Há outras questões, como o desenvolvimento do mercado de capitais; a transformação dos modelos de negócio empresariais; a contribuição para a maior inserção global do País; a melhora da educação e das condições de saúde e segurança pública; a participação parcial no financiamento às exportações; o estímulo à inovação e ao empreendedorismo; o apoio às ações ligadas à sustentabilidade; e os objetivos ligados ao desenvolvimento regional, que também se inserem no rol de atividades de um banco de fomento. Para quem defende essas ideias – e me incluo nesse grupo – vale o bordão de que “chegou a hora de essa gente mostrar o seu valor”, com base na expertise do corpo técnico.
A vida será mais difícil para instituições desse tipo, em relação aos tempos da hiperinflação ou dos juros reais de 10% ao ano. Não há, porém, como negar que, para a minha geração, que hoje tem mais de 50 anos, ter inflação baixa e uma taxa de juros (Selic) real de 3% é o que nós sonhamos durante três décadas. Se isso representa um desafio para o BNDES, que seja aceito, mostrando a sua capacidade de adaptação aos novos tempos.
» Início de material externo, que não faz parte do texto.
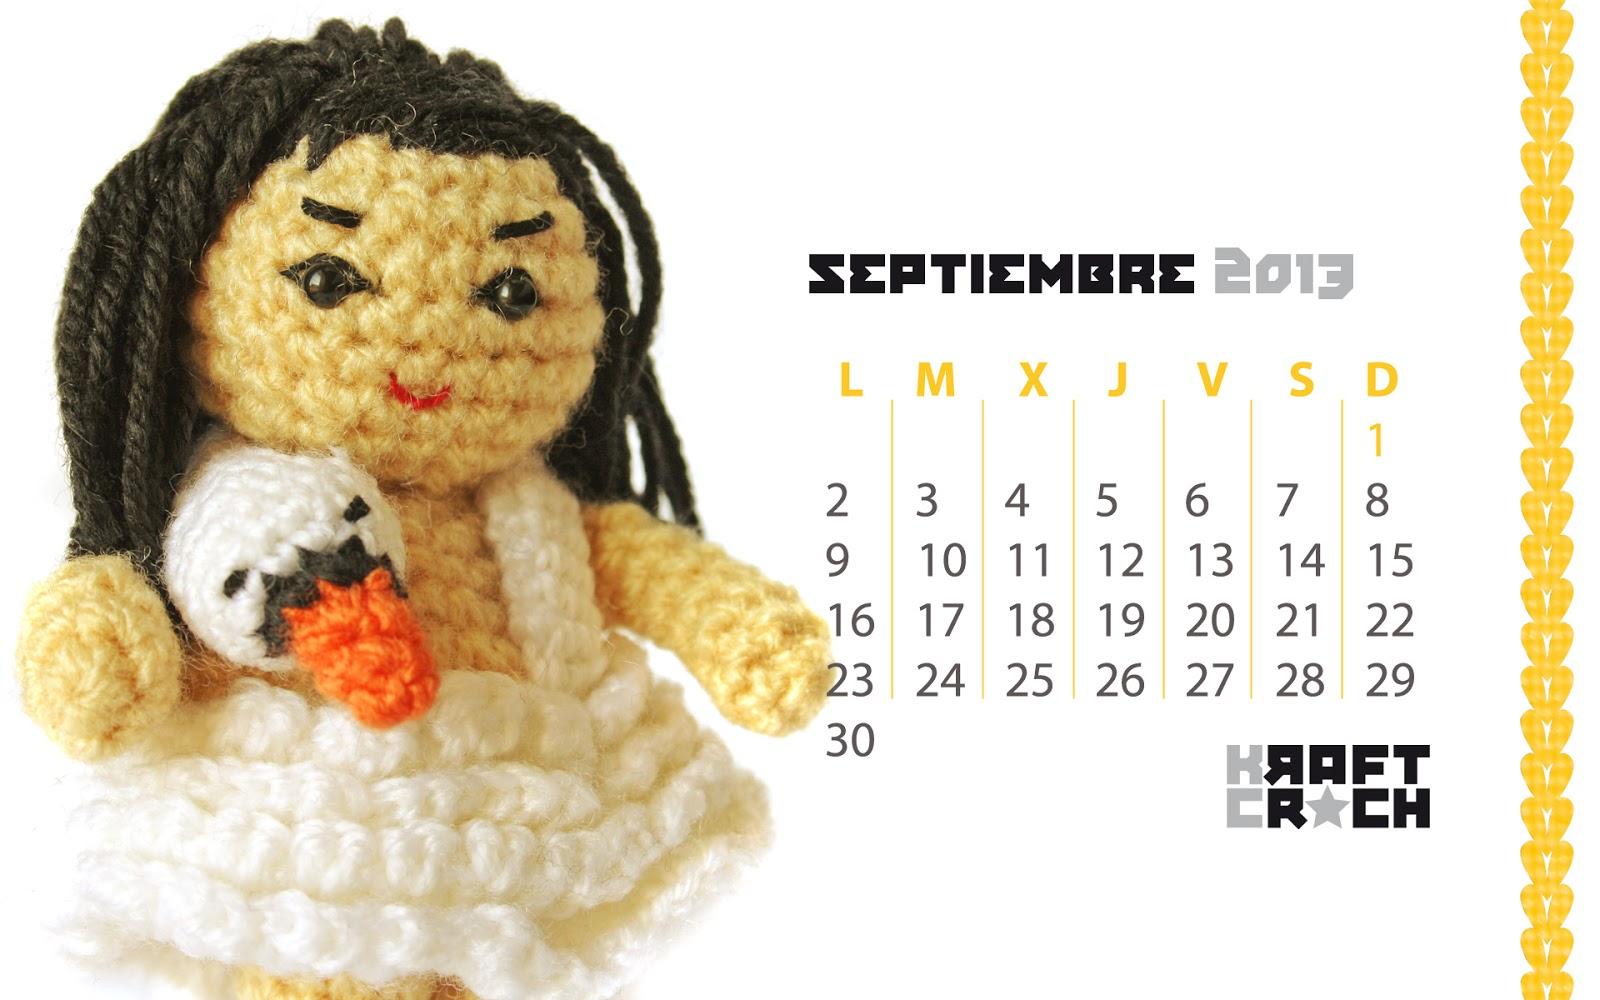 Fondos de Pc Calendarios de Amigurimis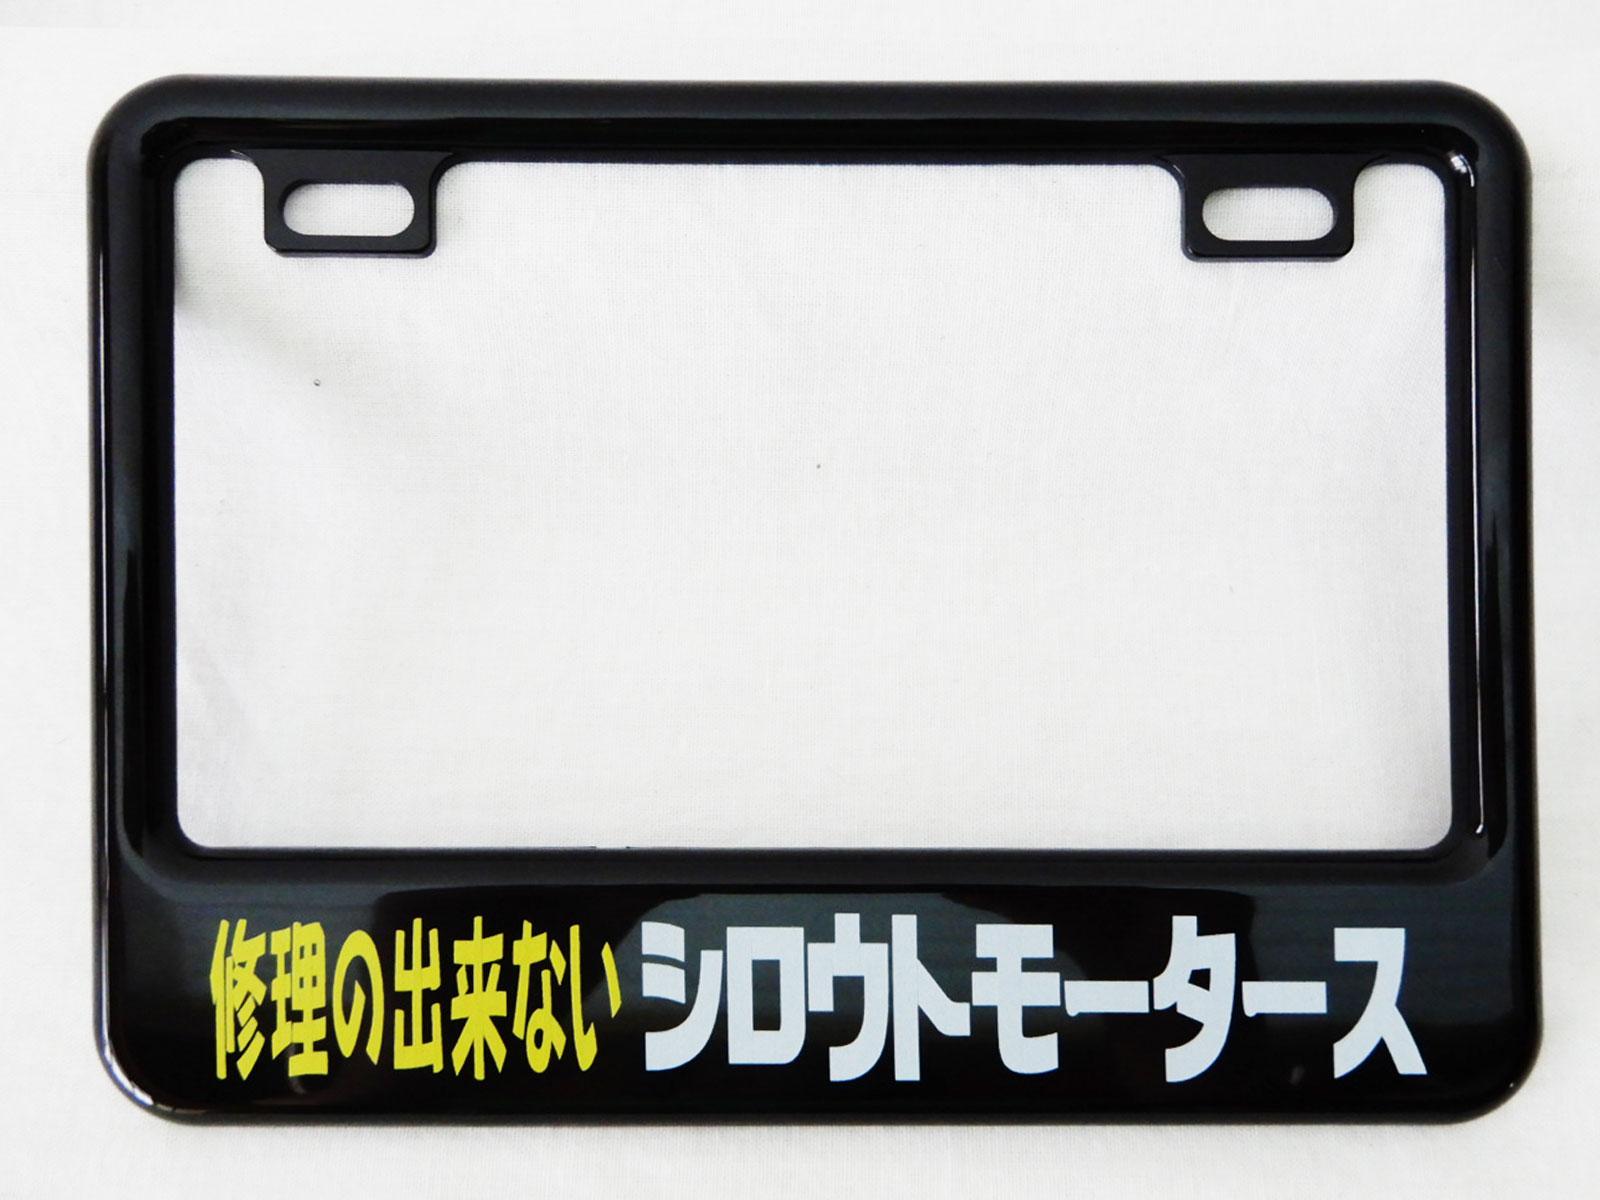 MotorCycle 4610MOTORS License Frame S 50-125cc 修理の出来ないシロウトモータース☆ブラック モーターサイクル ライセンスフレーム スリム 小型 50-125cc用ナンバープレートサイズ シロウトモータース

A terceira atitude é considerar que o que está acontecendo é parte de uma estratégia para acabar com o BNDES; reclamar contra as autoridades, atuais ou antigas, que endereçaram essa agenda; e torcer para que o novo governo em 2019 revogue a lei que instituiu a TLP. Trata-se de uma estratégia suicida. Primeiro, porque põe o BNDES de costas para a sociedade. Segundo, porque conduz à paralisia nos próximos meses, justamente um período importante para a redefinição da atuação da instituição, à luz da reflexão estratégica na qual ela está envolvida. Equivale a que um paciente que sofreu uma cirurgia após a qual precisa de fisioterapia reeducativa se recuse a fazê-la, à espera de tempos melhores. Há um timing requerido para certas ações, depois do qual os efeitos não serão os mesmos. E terceiro, porque, uma vez estabelecida a nova taxa, está longe de ser claro que incentivos teria o próximo governo para enviar ao Congresso uma proposta que diminuiria a remuneração do Fundo de Amparo ao Trabalhador (FAT).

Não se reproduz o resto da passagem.